This is a reprint of something I wrote about one of my weird dreams several years back:
I dreamed of hell again.
In a house with tarred, tattered walls
A cathedral ceiling with a long cord,
Onesingle lightbulb burning at the end.
Dimly lit, still.
There was no comfort for me
And I tried to conjure ways to find such.
But the only escape I found for myself
Was down the hall.
Outside, the house stood tall
With it’s chipped away paint
And wood nearing condemnation.
Here, was home.
It reeked of reality, of my hardships,
Of all the ugliness I had hidden away.
Although, now, not even the outside
Would show any glamour I had portrayed.
Last night, I found someone there.
The “who” and “why” were never answered,
But his eyes were so brightly colored blue
And his hair as dark as a moonless eve.
I wanted to believe the compassion in those eyes,
The desire to take the pain, the confusion,
All of the memories that I wanted to forget so desperately.
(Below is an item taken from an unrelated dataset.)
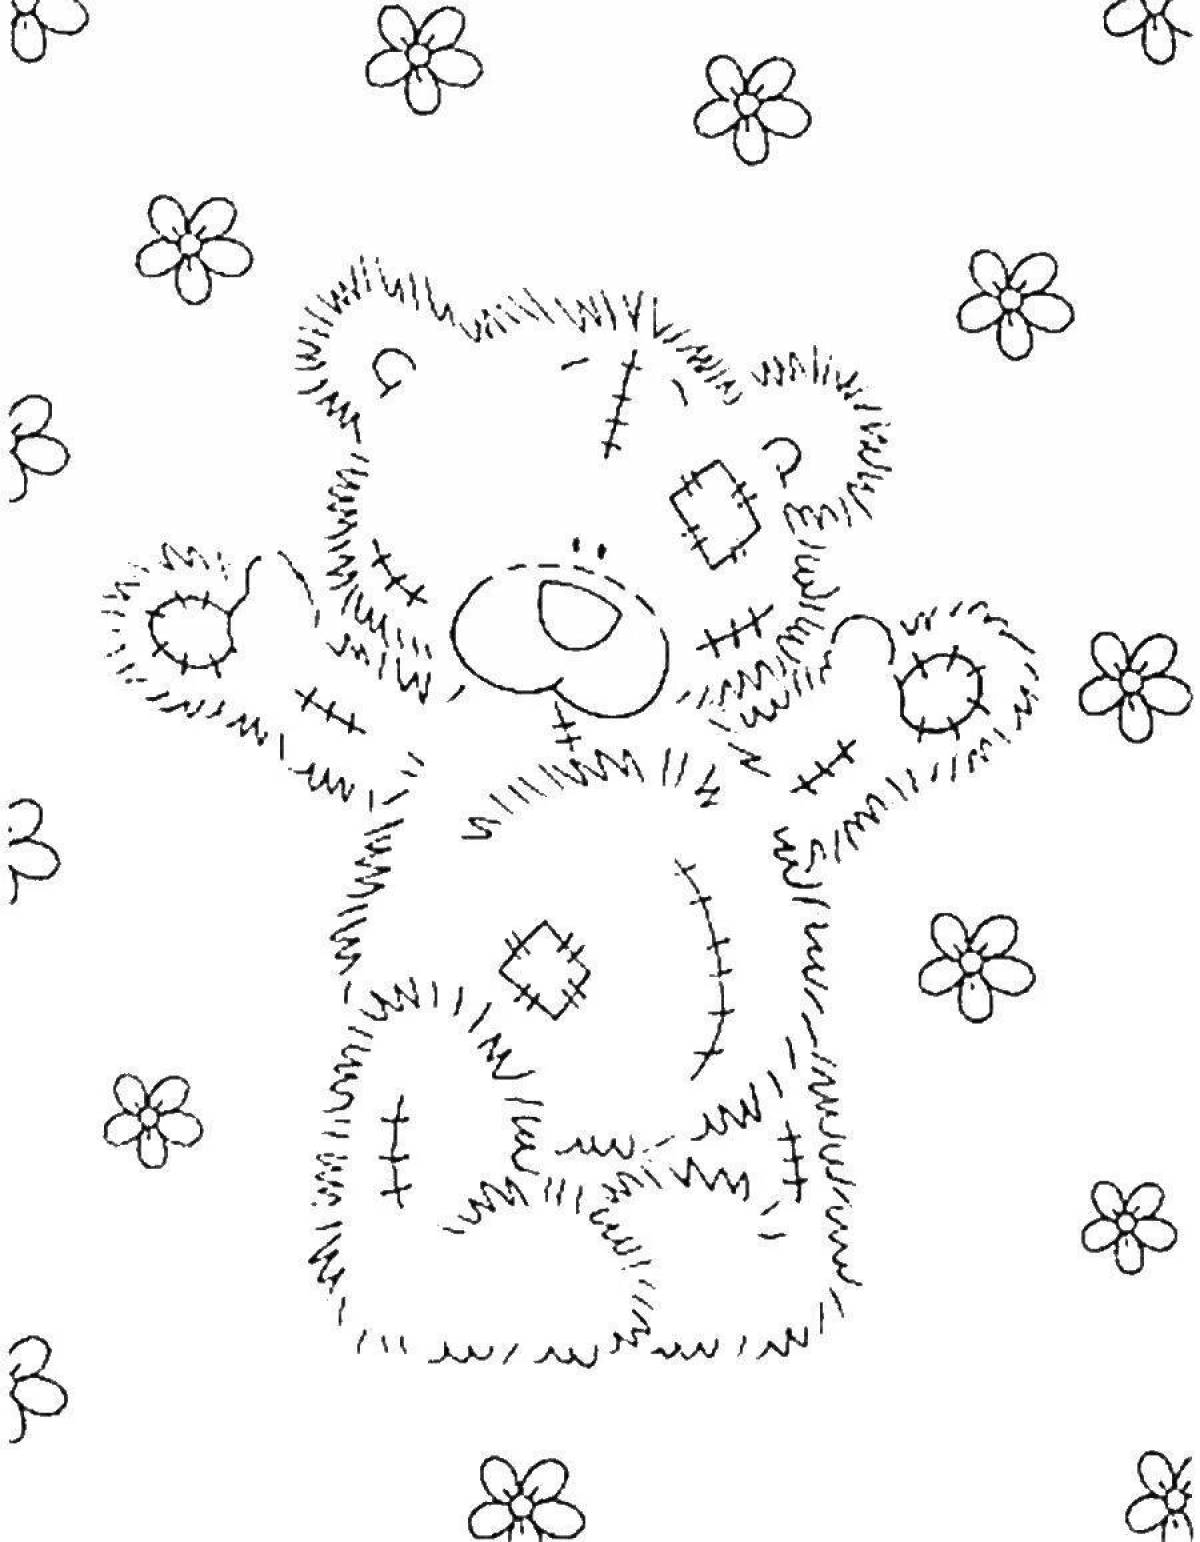 Coloring page winking teddy bear

In the end, faced with the confrontation of this stranger,
I did the only thing I could, or even knew how;
I ran hard and fast, knowing I wasn’t followed,
But racing as if he were right behind me then.
The house never changed, just what it held did.
I am tortured by these memories;
The smells, the taste of the air,
Filled with its filth and rank humidity.
I cannot sleep in the dark tonight,
Yet, to sleep with the glow of the lamp,
With it’s one burning lightbulb,just reminds me…
When will my head lay easily against the down,
And rest peacefully without the memory of Nabenathe?